Czerwona budka, której rzucające się w oczy szyby błyszczały w słońcu, przypominała duży dom dla lalek; w środku czuć było moczem. Bourne nakręcił numer „Terrasse”, wrzucił monety i poprosił o połączenie z pokojem czterysta dwadzieścia. Marie podniosła słuchawkę.

– Co się stało?

– Nie mam czasu na wyjaśnienia. Chcę, żebyś zadzwoniła do „Les Classiques” i poprosiła do telefonu René Bergerona. D’Anjou będzie prawdopodobnie w centralce. Wymyśl sobie jakieś nazwisko i powiedz mu, że od około pół godziny próbujesz się skontaktować z Bergeronem korzystając z prywatnego numeru Lavier. Wyjaśnij, że masz pilną sprawę i musisz koniecznie z nim rozmawiać.

– A co mam powiedzieć, gdy Bergeron odbierze telefon?

– Nie sądzę, żeby to zrobił, ale gdyby tak się stało, odłóż po prostu słuchawkę. Jeżeli natomiast d’Anjou znów się włączy, zapytaj go, kiedy możesz się skontaktować z Bergeronem. Zadzwonię do ciebie za trzy minuty.

– Kochanie, czy wszystko w porządku?

– Doznałem głębokiego przeżycia religijnego.
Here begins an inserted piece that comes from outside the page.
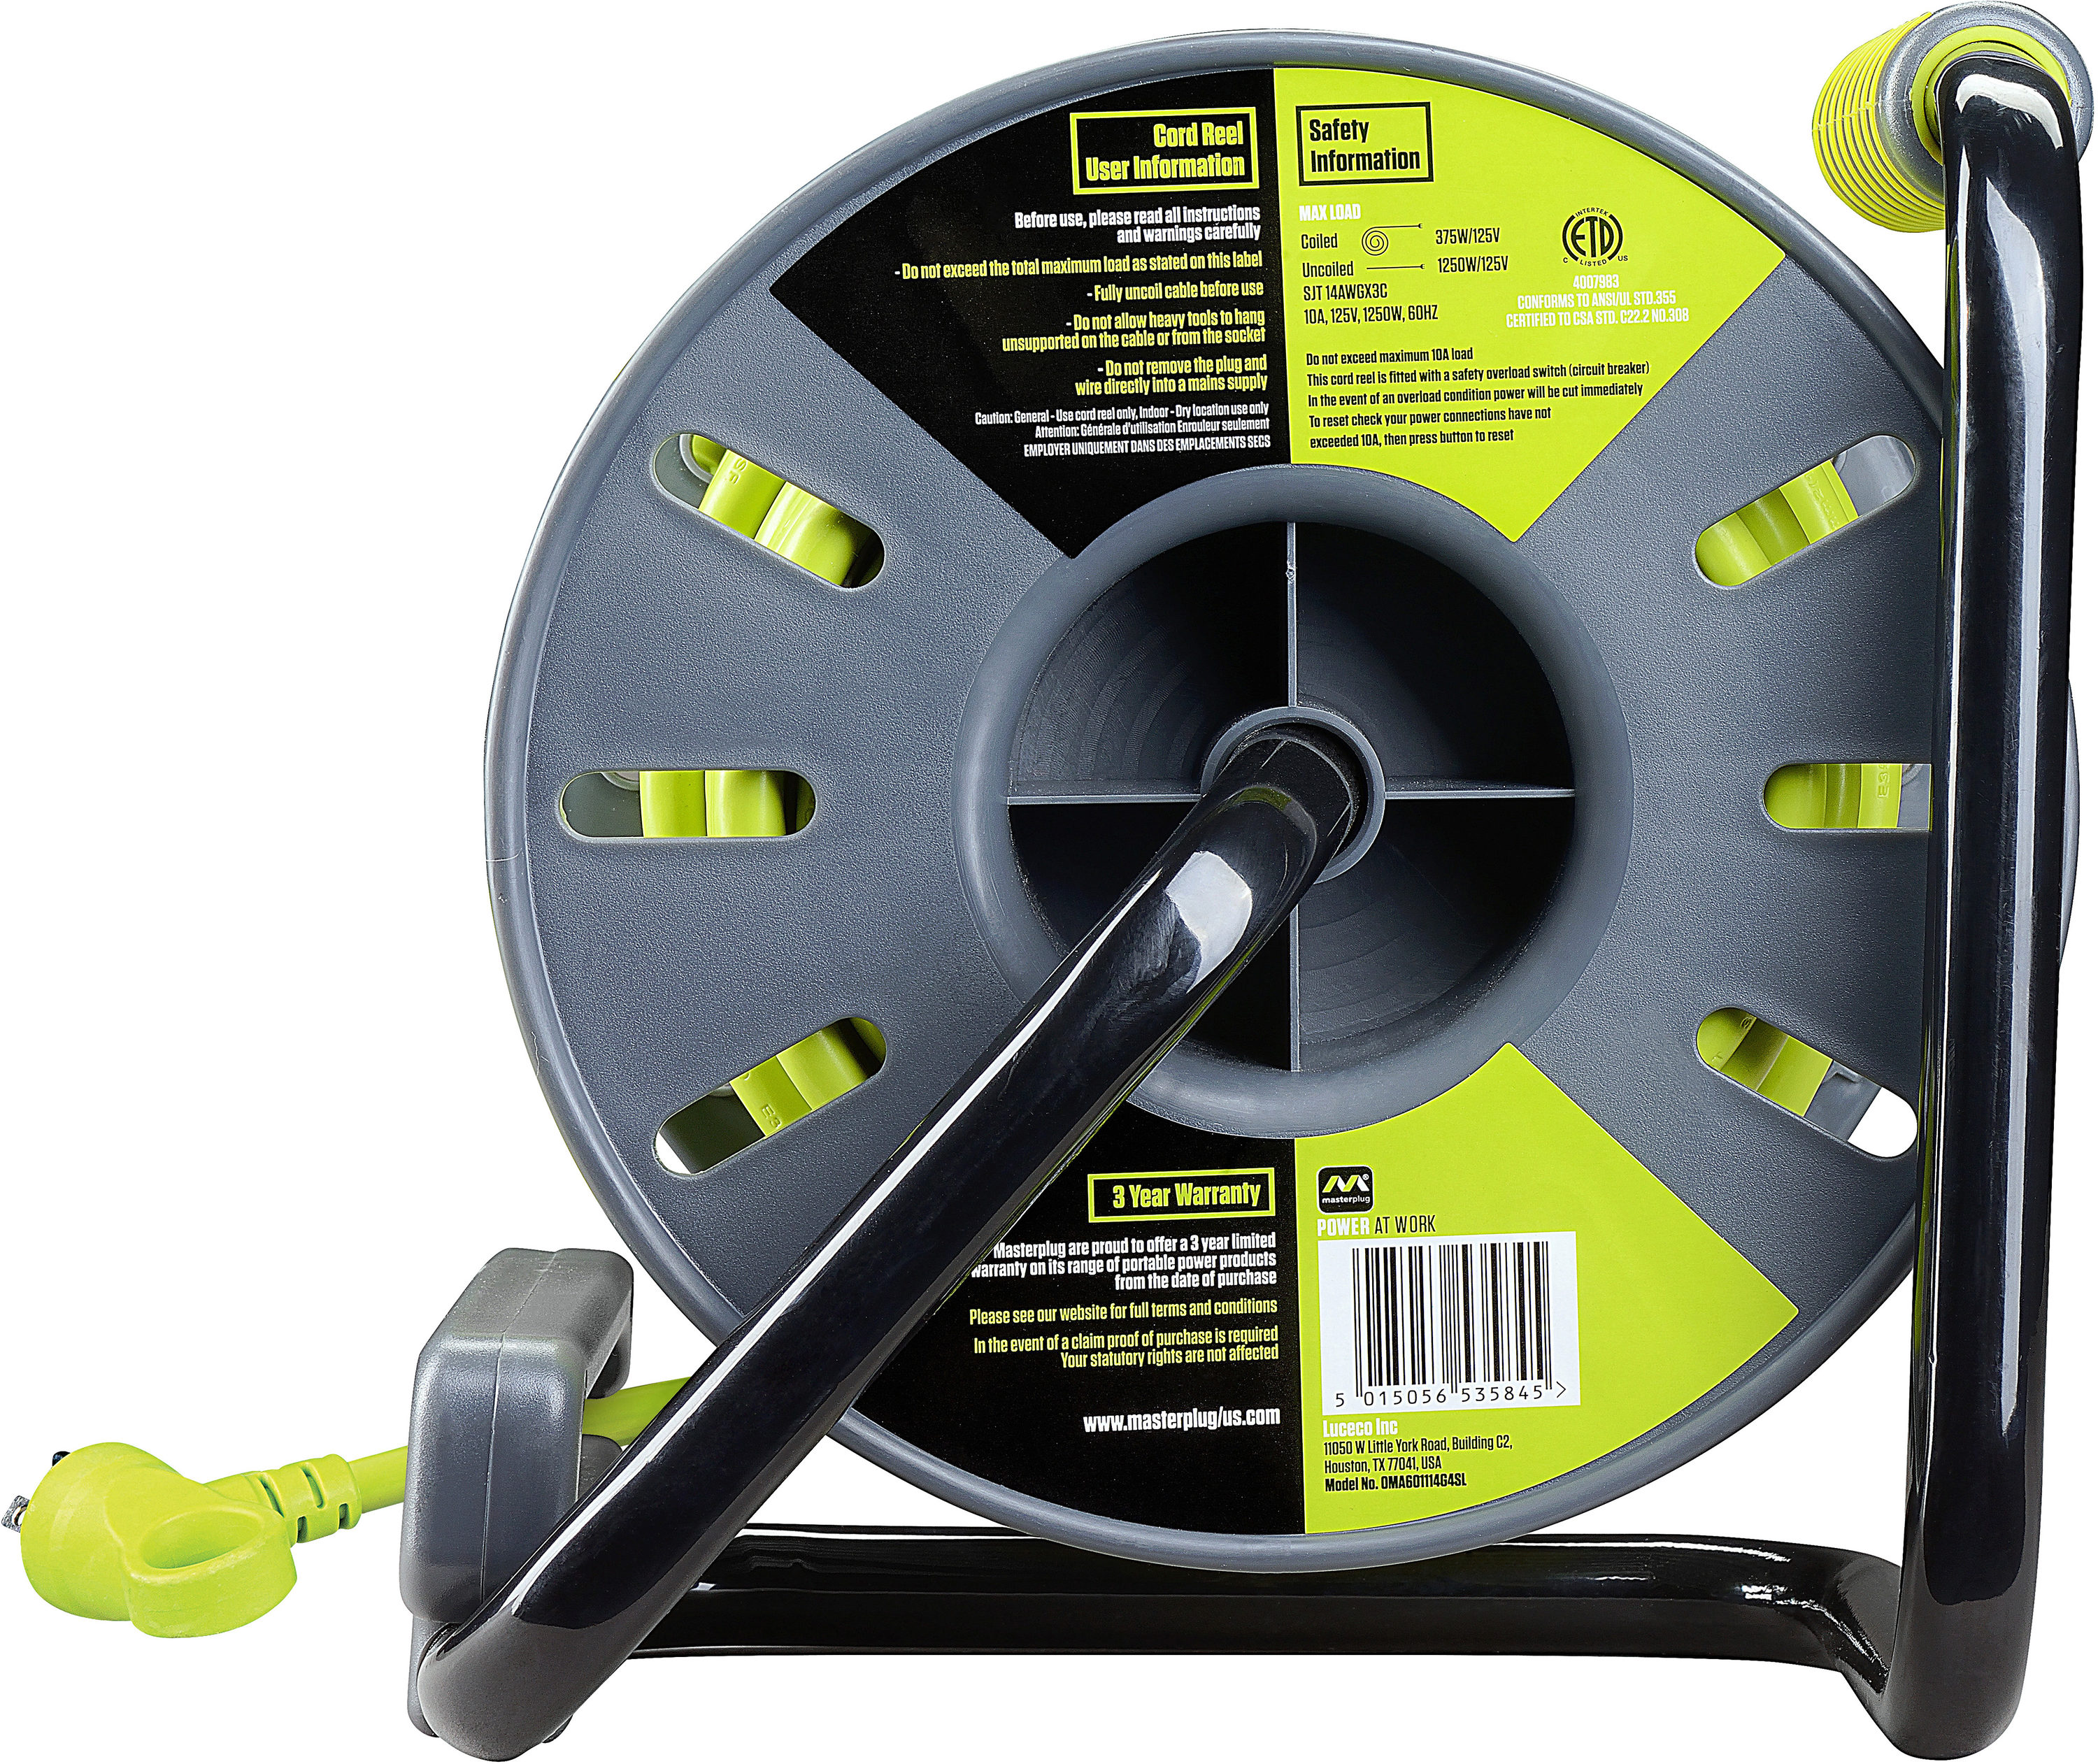 Masterplug 100' Heavy Duty Extension Cord Reel with Wall Mounting

Opowiem ci o nim później.

Jason nie odrywał wzroku od zegarka; delikatna wskazówka sekundnika poruszała się przeraźliwie wolno. Po trzydziestu sekundach sam zaczął odliczać czas, przyjmując, że serce odbijające się echem w krtani uderza mniej więcej co dwie i pół sekundy. Zaczął nakręcać numer, gdy zostało mu dziesięć sekund, w czwartej sekundzie włożył monety i odezwał się do telefonistki w „Terrasse” pięć sekund po czasie. Marie podniosła słuchawkę, gdy tylko zadzwonił telefon.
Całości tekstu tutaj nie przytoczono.